Jeremy thought about the jolt with satisfaction. Somebody was going to get it all right.

He went home by way of Tilt Street. The fog was thinning a little as the night grew colder. He could just see the street-lamps like blurred yellow cocoons with ragged edges of light fraying off into the thick dark. He remembered keeping silkworms when he was ten, and the way the raw silk clung to your fingers when you tried to unwind the cocoons. He remembered being very proud of a deep golden cocoon. Most of them came straw-coloured, but this was almost orange. These lamps in the fog put him in mind of it.

He came into Nym's Row and slipped his key into the lock. Mr John Brown's window still showed a light. Jeremy opened the door and went upstairs as cautiously as if he had really been a burglar. A steady duet of snores came from the Walkers' room. He shut his door and went to bed.

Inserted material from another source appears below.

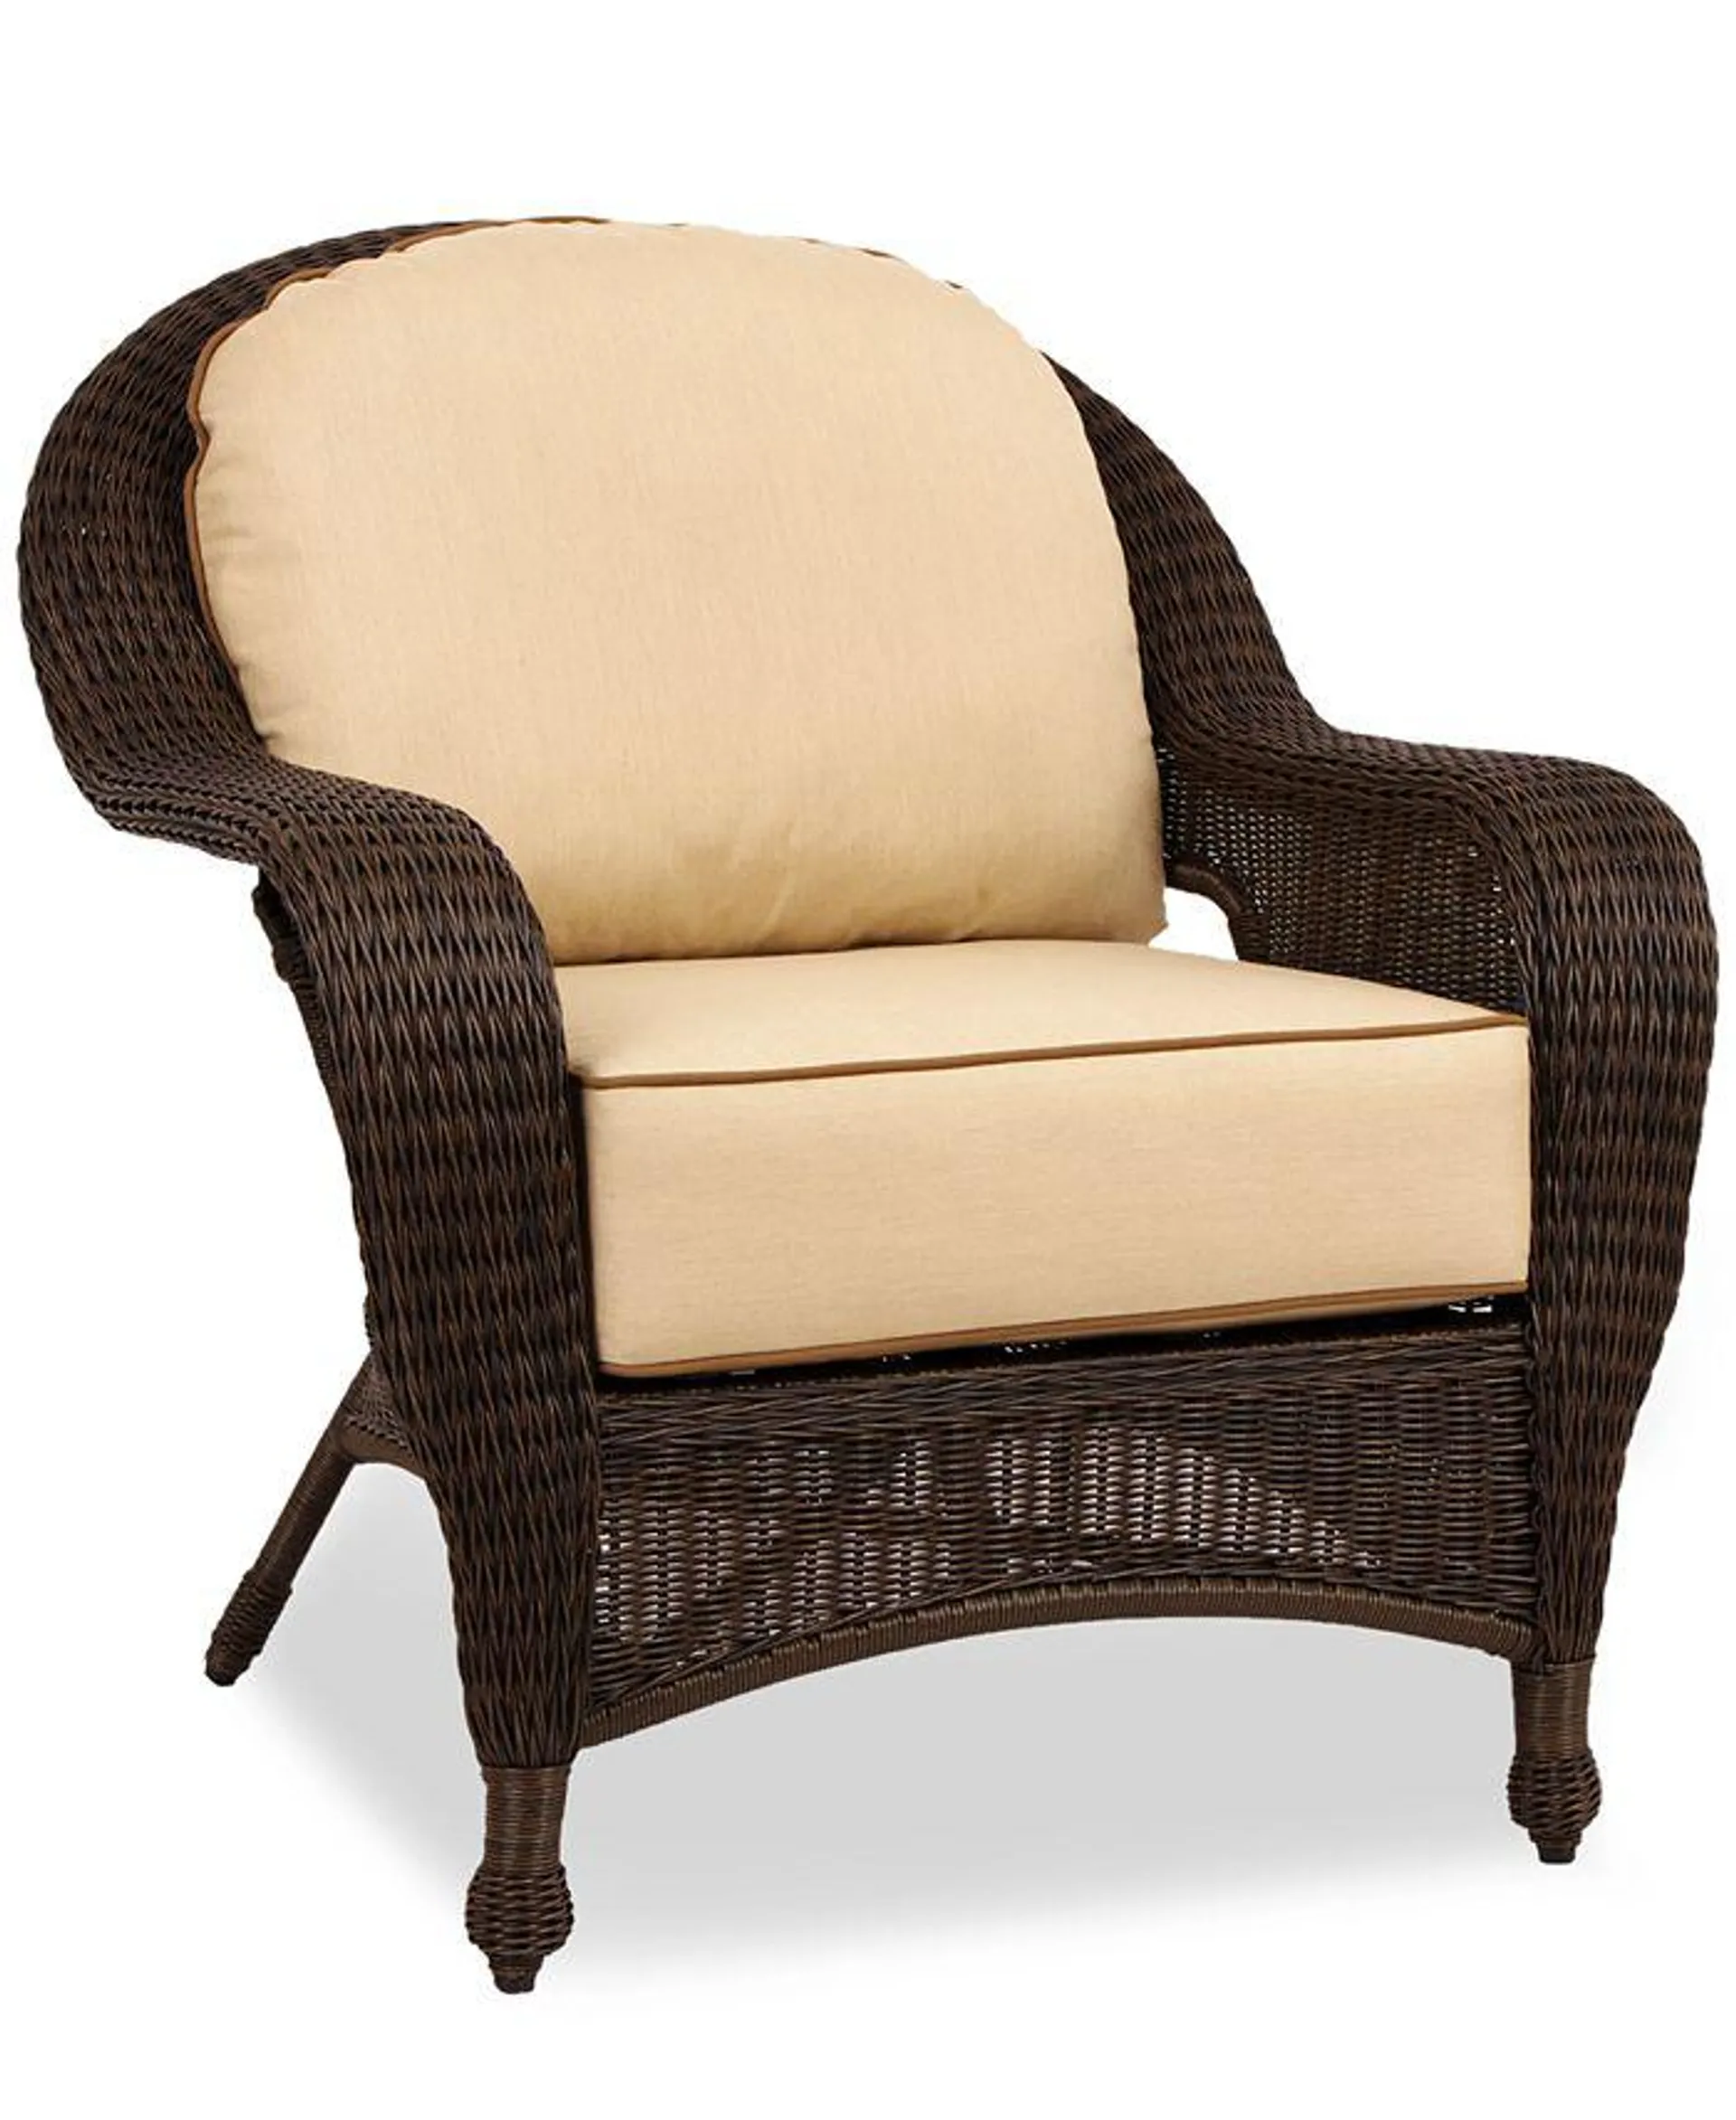 Monterey Wicker Outdoor Club Chair with Sunbrella® Cushions, Created for Macy's

He had been asleep for half an hour when Mr Brown dropped from the wall of No. 1 Tilt Street and, crossing Mr Mannister's garden, climbed from the far corner of it into Mrs Beamish's yard. He went in through the scullery door, which he locked behind him, and so up to the room where his gas had been burning wastefully for half the night. He had the air of a man who has done a good day's work.